Problem> For this exercise, repeat exactly the lines below starting at the line holding "Medieval Castel, Mna, Tangier,Morocco" and ending at the line holding "Justin Bieber nagrywał", both included, with no extra lines and no pictures.

Material provided>

=== Section Start ===

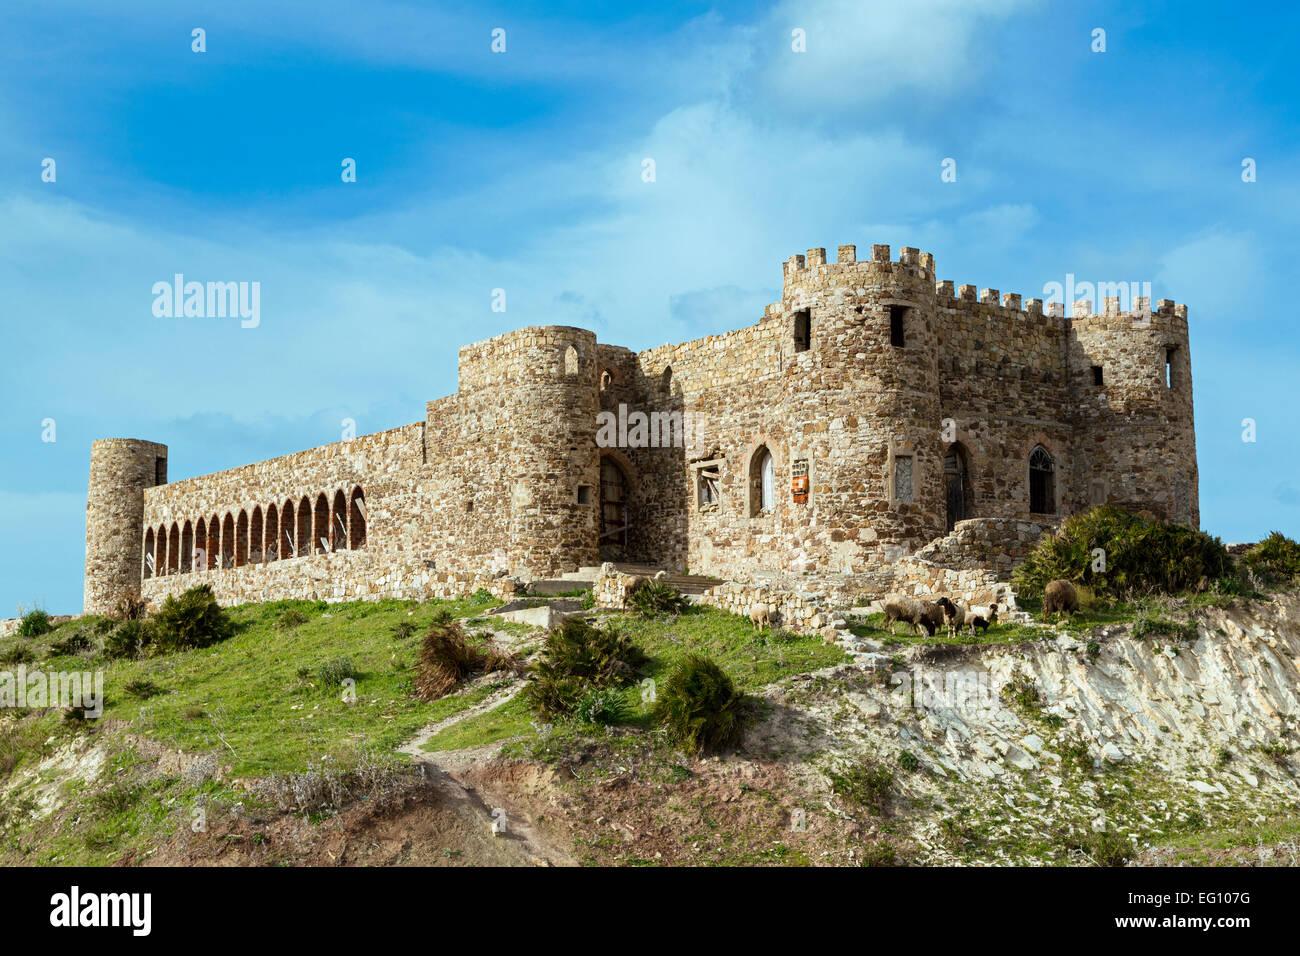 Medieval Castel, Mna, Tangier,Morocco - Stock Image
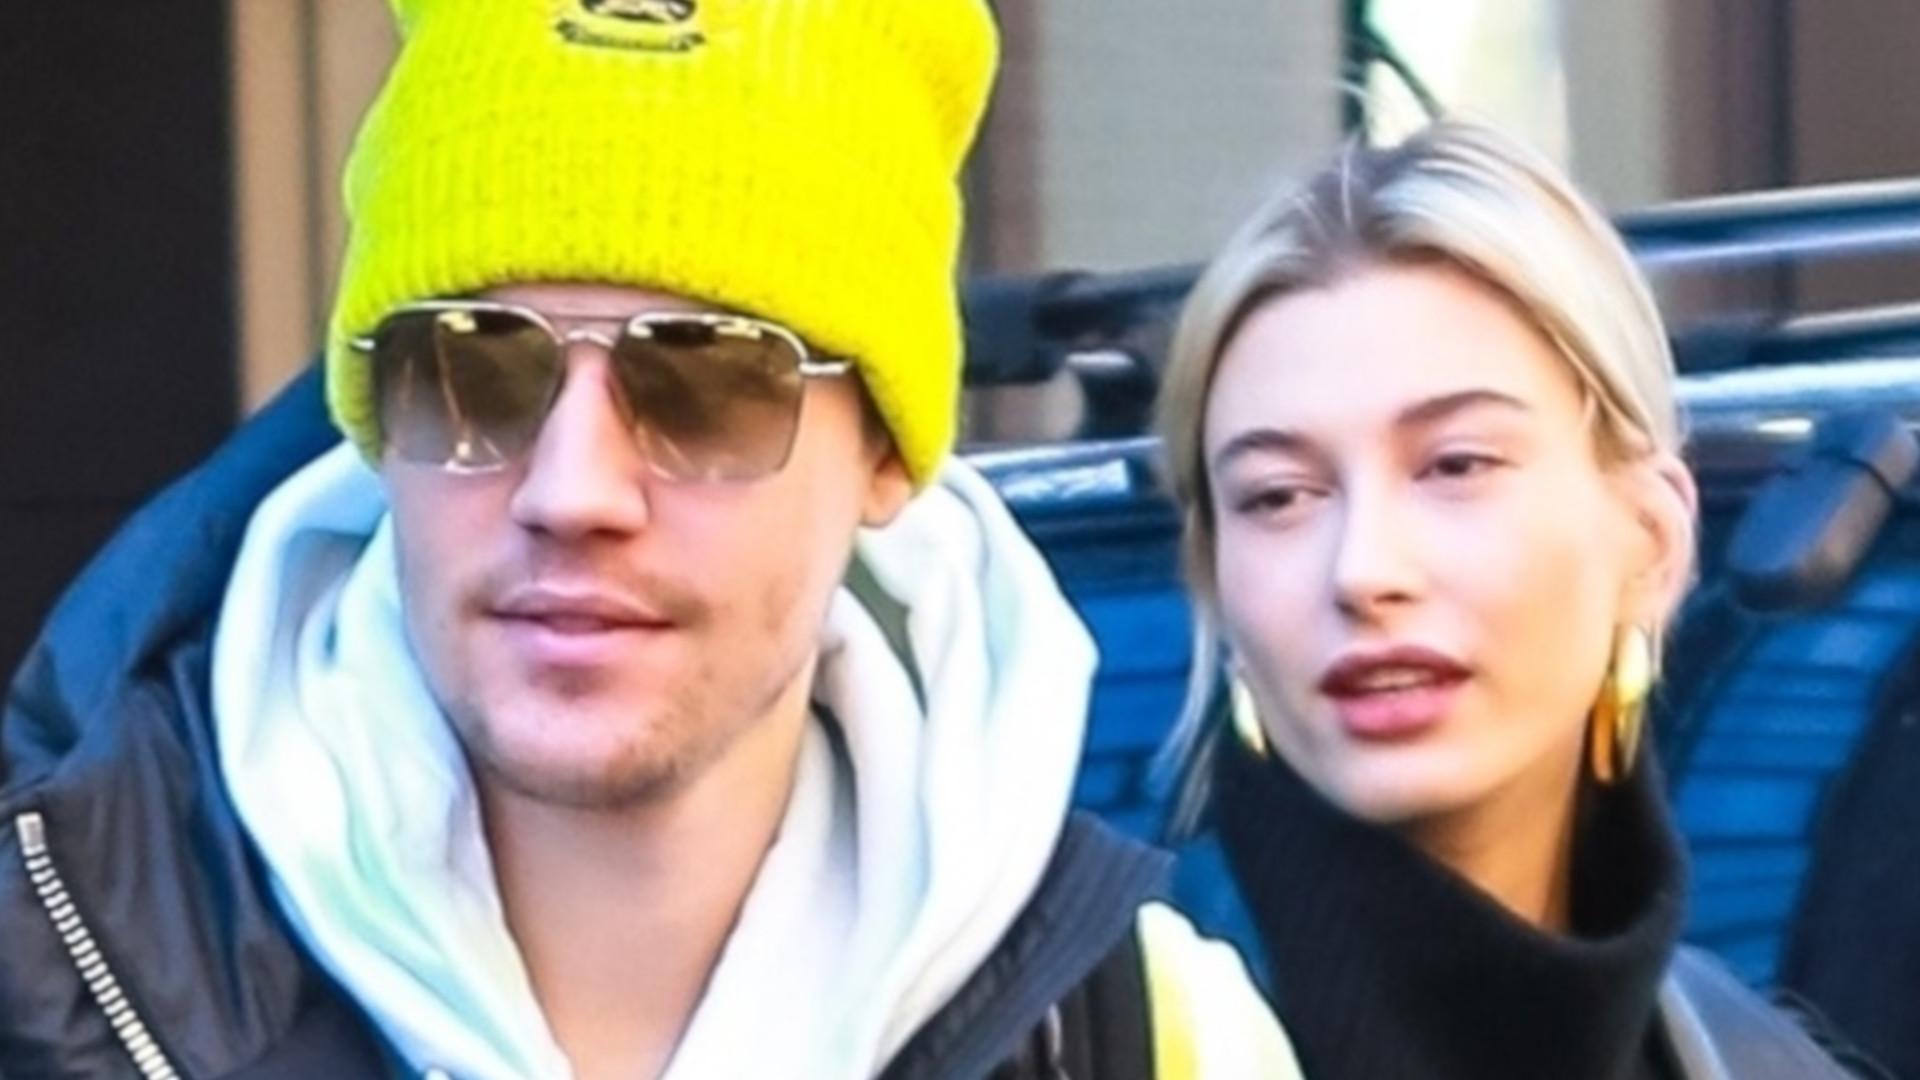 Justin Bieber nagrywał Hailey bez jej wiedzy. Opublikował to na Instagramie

=== Section End ===
=== Section Start ===

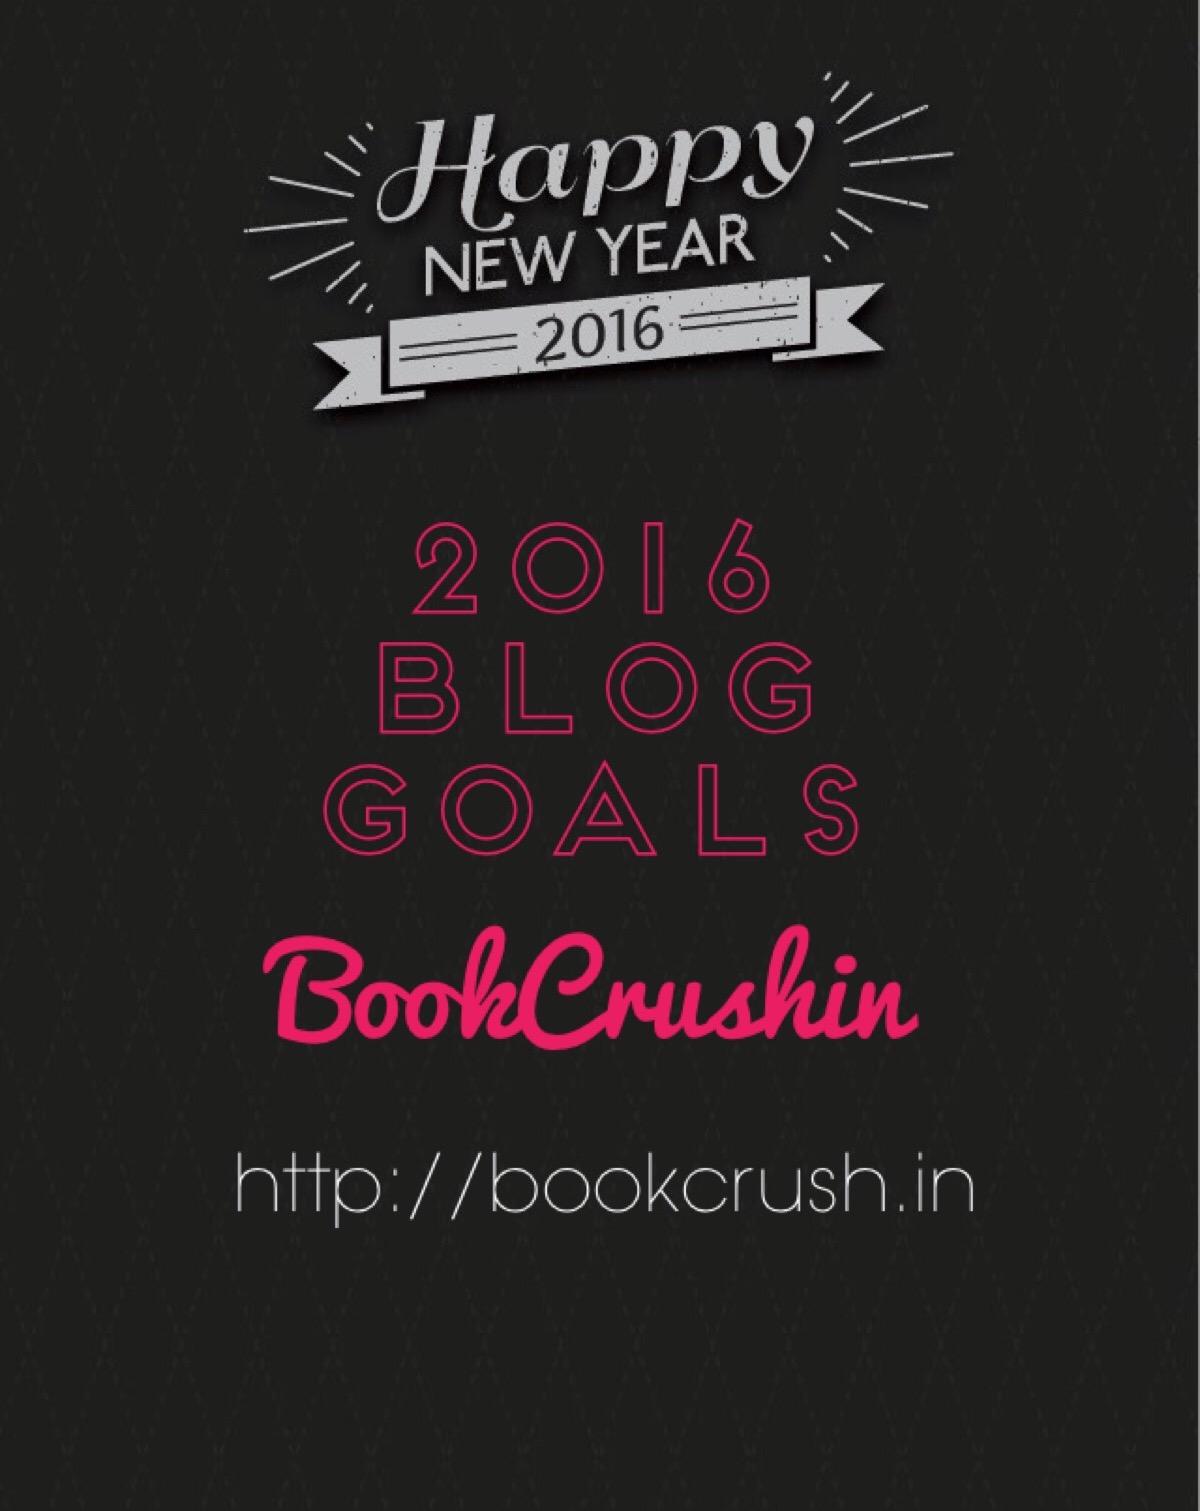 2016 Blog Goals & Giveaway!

=== Section End ===

Answer>
 Medieval Castel, Mna, Tangier,Morocco - Stock Image
 Justin Bieber nagrywał Hailey bez jej wiedzy. Opublikował to na Instagramie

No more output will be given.